Cultura

Papa: na Quaresma, pedir a graça de despertar do nosso letargo interior





"O tempo forte da Quaresma é uma oportunidade", disse o Papa no Angelus deste domingo. "É um período em que Deus quer nos acordar do letargo interior. Porque – lembremo-nos bem – manter acordado o coração não depende somente de nós: é uma graça e deve ser pedida."

O episódio da Transfiguração proposto pelo Evangelho deste II Domingo da Quaresma foi o tema da reflexão do Papa Francisco no Angelus dominical.
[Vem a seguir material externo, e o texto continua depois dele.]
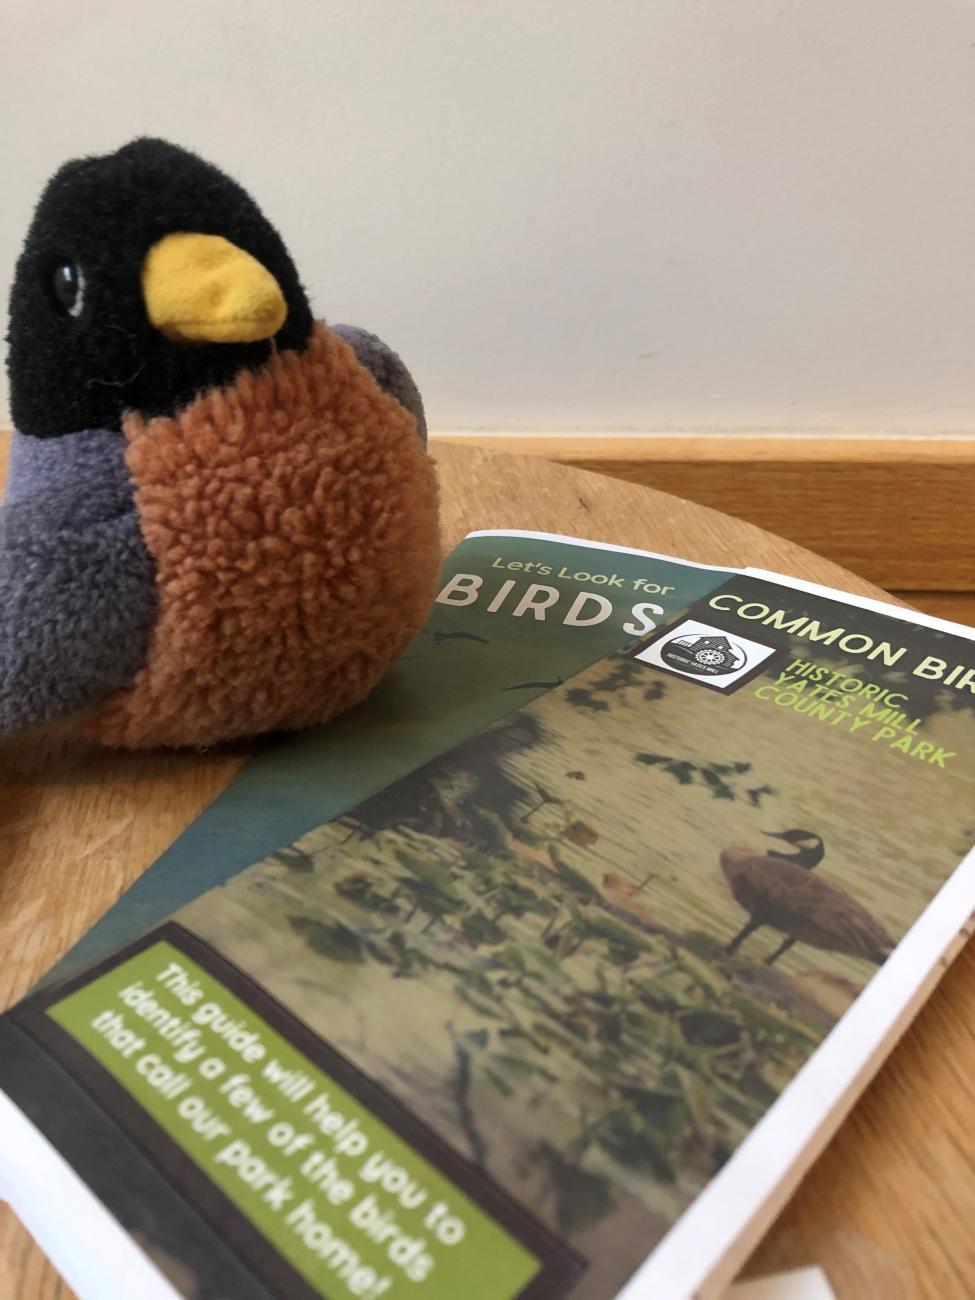 Bird Guides Photo

Numa Praça São Pedro ensoralada, com temperatura quase primaveril, o Pontífice comentou um detalhe da cena em que Jesus sobre o monte com Pedro Tiago e João: a sonolência dos discípulos num momento tão importante, diante de um espetáculo único de ver Jesus mudar de aspecto.

Lendo com atenção o Evangelho, explica o Papa, Pedro, João e Tiago adormecem antes que tenha início a Transfiguração, isto é, enquanto Jesus estava em oração. Tratou-se evidentemente de uma oração que se prolongou por muito tempo e os discípulos foram vencidos pelo cansaço. Francisco então questiona: este sono fora de lugar não se parece talvez com muitos de nossos sonos que nos vêm durante momentos que sabemos ser importantes, como o convívio familiar deois de um dia de intenso trabalho?
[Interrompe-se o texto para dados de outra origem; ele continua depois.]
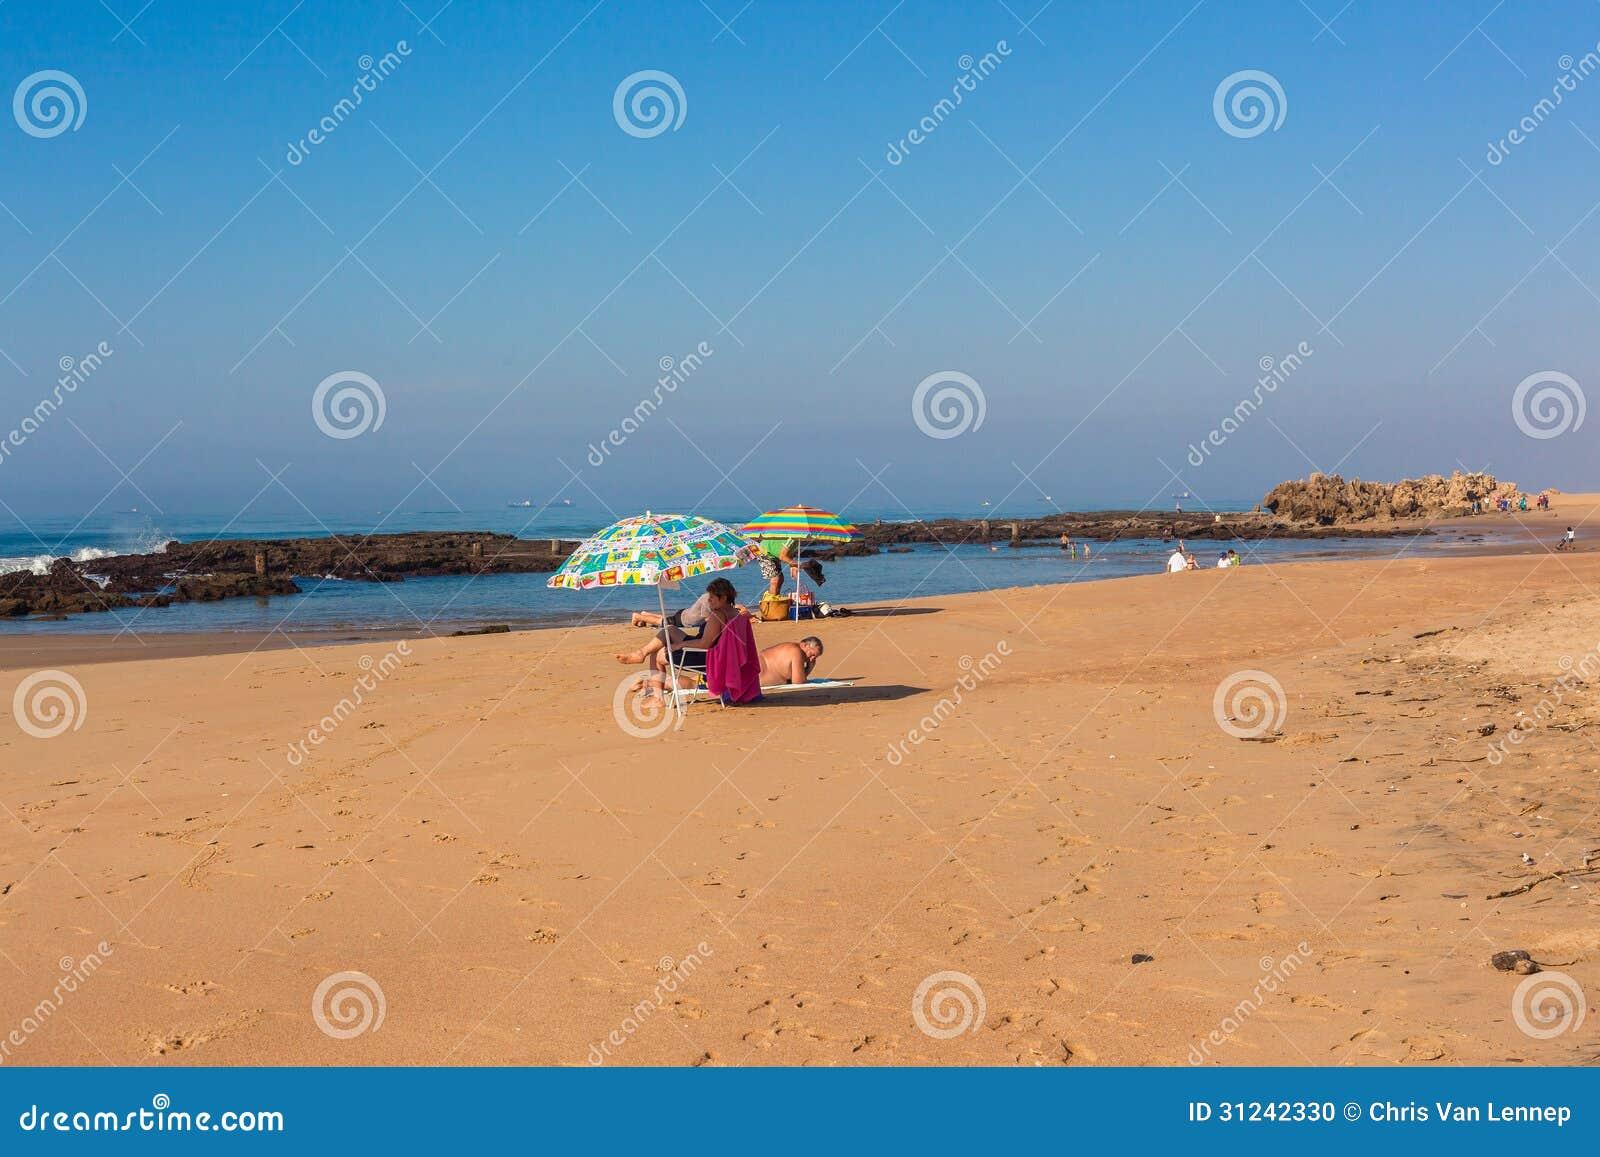 Pools and beach at mandalay bay hotel and casino editorial - Public swimming pools north las vegas ...

"O tempo forte da Quaresma é uma oportunidade neste sentido. É um período em que Deus quer nos acordar do letargo interior. Porque – lembremo-nos bem – manter acordado o coração não depende somente de nós: é uma graça e deve ser pedida."

Superar o cansaço com a força do Espírito

Os discípulso acordam justamente durante a Transfiguração, talvez devido à luz que emanava de Cristo. Assim como eles, acrescentou o Papa, também nós precisamos da luz de Deus, que nos faz ver as coisas de modo diferente; nos atrai, nos desperta, reacende o desejo e a força de rezar, de olhar para dentro de nós mesmos e de dedicar tempo aos outros. "Podemos superar o cansaço do corpo com a força do Espírito de Deus."
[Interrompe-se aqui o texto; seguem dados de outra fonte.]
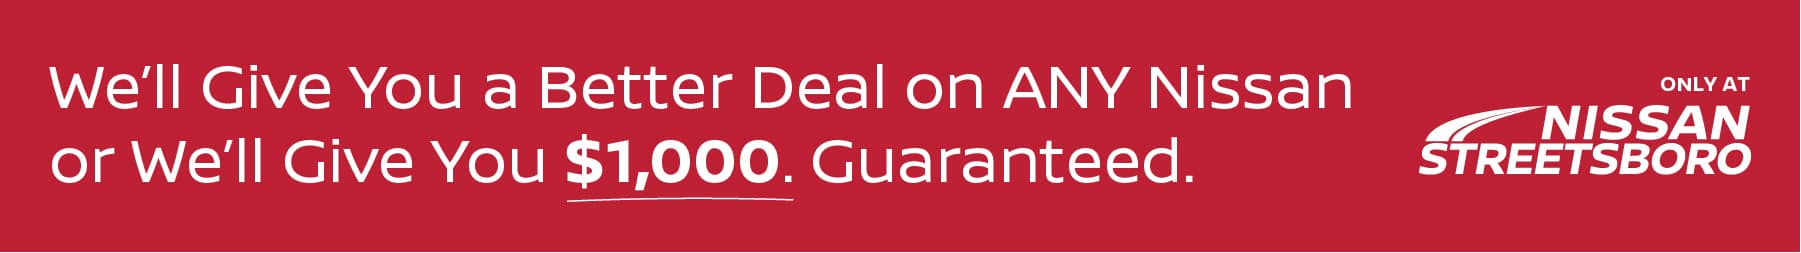 Better Deal

Eis então a exortação do Pontífice a dar ao Senhor a possibilidade de nos surpreender e reavivar o nosso coração. Isso pode ser feito concretamente abrindo o Evangelho e deixando-se surpreender pela Palavra ou contemplando o Crucifixo e maravilhar-se com o seu amor, que nunca se cansa de nós. 

“Que a Virgem Maria nos ajude a manter desperto o nosso coração para acolher este tempo de graça que Deus nos oferece.”

 

- Papa: rezar é transformar a realidade, deixar-se inquietar pelo grito sofredor do mundo

Nos 400 anos da canonização de Santo Inácio de Loyola, o Papa afirma que vale a pena perguntar-se o que significa hoje rezar. “Rezar é transformar a realidade.” O Pontífice cita a guerra na Ucrânia e de que modo ela está em nossas intenções.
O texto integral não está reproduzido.